Since 1975, the Commonwealth of Pennsylvania has been directly involved in providing medical malpractice insurance to health care providers. The General Assembly addressed the medical malpractice crisis by establishing a mandatory medical malpractice insurance system. A health care provider’s refusal to purchase malpractice insurance coverage in 1975 was, and continues to be, sanctioned by the provider’s loss of his professional license.

In 2002, the General Assembly enacted the Medical Care Availability and Reduction of Error (MCARE) Act. The MCARE Act addressed a newly perceived crisis, i.e., the cost of medical malpractice insurance. There was concern that the cost of medical malpractice insurance in Pennsylvania had increased to the point that physicians educated and trained in Pennsylvania were leaving to set up practice in other states where the costs of this insurance were lower.

Relevant to this case, the MCARE Act established the MCARE Fund. The MCARE Fund was set up to provide insurance coverage in excess of the mandatory levels of primary medical malpractice coverage. The MCARE Fund is scheduled for termination. To that end, the MCARE Act has established a schedule for continued increases in the amount of primary coverage that must be purchased by health care providers and continued decreases in the amount of excess coverage that will be available from the MCARE Fund.

The MCARE Fund is a “pay-as-you-go” program of what the general assembly called “insurance.” Unlike a private insurance company, it does not establish reserves to cover injuries that occur in the assessment year but do not become adjudicated awards for several years thereafter. Instead, the MCARE Fund is set up to raise only those funds necessary to “cover claims and expenses for the assessment year.”  The MCARE Fund projects its annual expected claim payments on the basis of the prior year’s payments. This means that the amount collected from health care providers in a given year may be more, or less, than what is actually needed to pay the MCARE Fund’s claims and expenses for that year.

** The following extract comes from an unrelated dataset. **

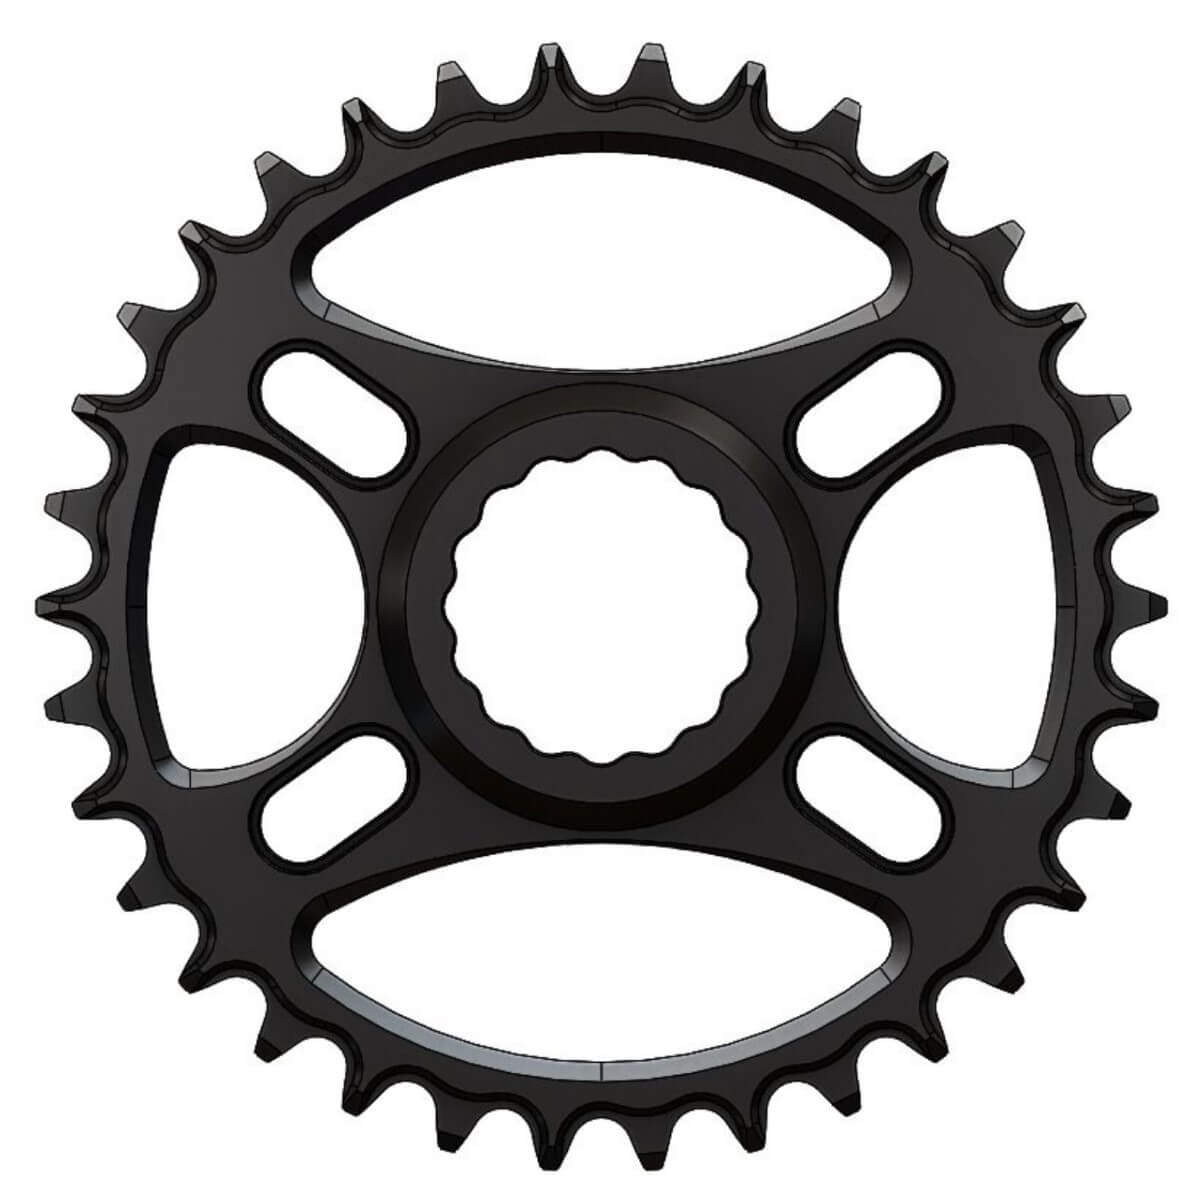 C42 Chainring Narrow Wide 30T for Race Face direct mount.
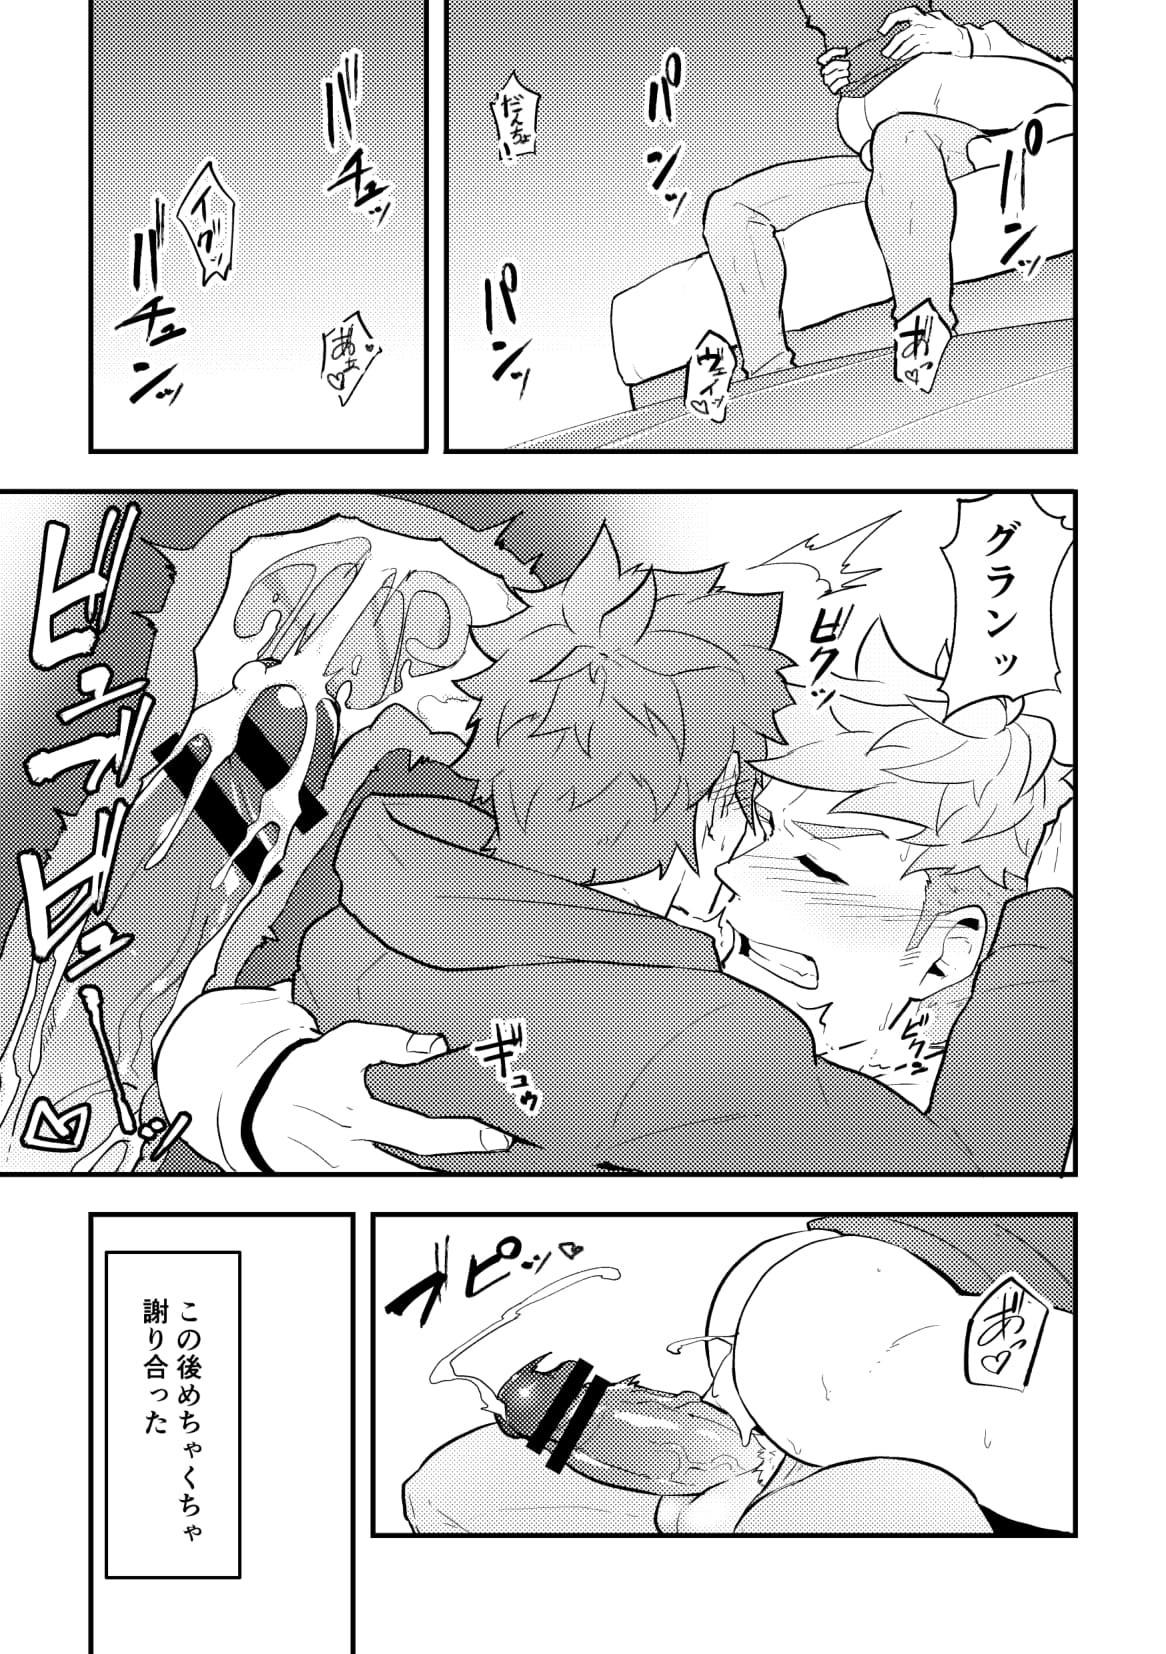 Making Love Porn Onabe Hon C95 - The idolmaster Fate grand order Granblue fantasy Pokemon Fire emblem Castlevania Dragalia lost Punch-out Chupa - Page 5

In making its calculation for 2009, the MCARE Fund ignored its 2008 accrued unspent balance of approximately $104 million. Instead, in 2009, $100 million was transferred out of the MCARE Fund into the Commonwealth’s General Fund for the purpose of funding the operations of state government. The Court held that this transfer of funds was illegal. Petitioners appealed their 2009, 2010 and 2011 assessments on the theory that the MCARE Fund’s year-end balance should have been included in the aggregate assessment calculation for 2009 and the following years. Simply, the aggregate assessment must be “sufficient” to produce a balance sheet that replaces what was spent in the prior year and provides a reserve of 10%.

The MCARE Fund has the statute to mean that 110% of the prior year’s expenditures must be collected each year from health care providers, regardless of the starting balance. This exercise means that unspent balances will accumulate even as claims decline, consistent with the MCARE Fund’s scheduled termination, or as earnings on the 10% reserve increase.

Analysis

Construing statutes, courts must be mindful of what the legislature did not say as well as what it did say. Most importantly, the MCARE Act says nothing about the accumulation of unspent balances in excess of the 10% reserve. It does not authorize them. The MCARE Act provides no guidance on the income generated by an accumulation of unspent balances, which can be considerable given the present unspent balance of $104 million. The MCARE Act’s silence on these matters makes perfect sense only if the legislature never intended that such an accumulation would develop.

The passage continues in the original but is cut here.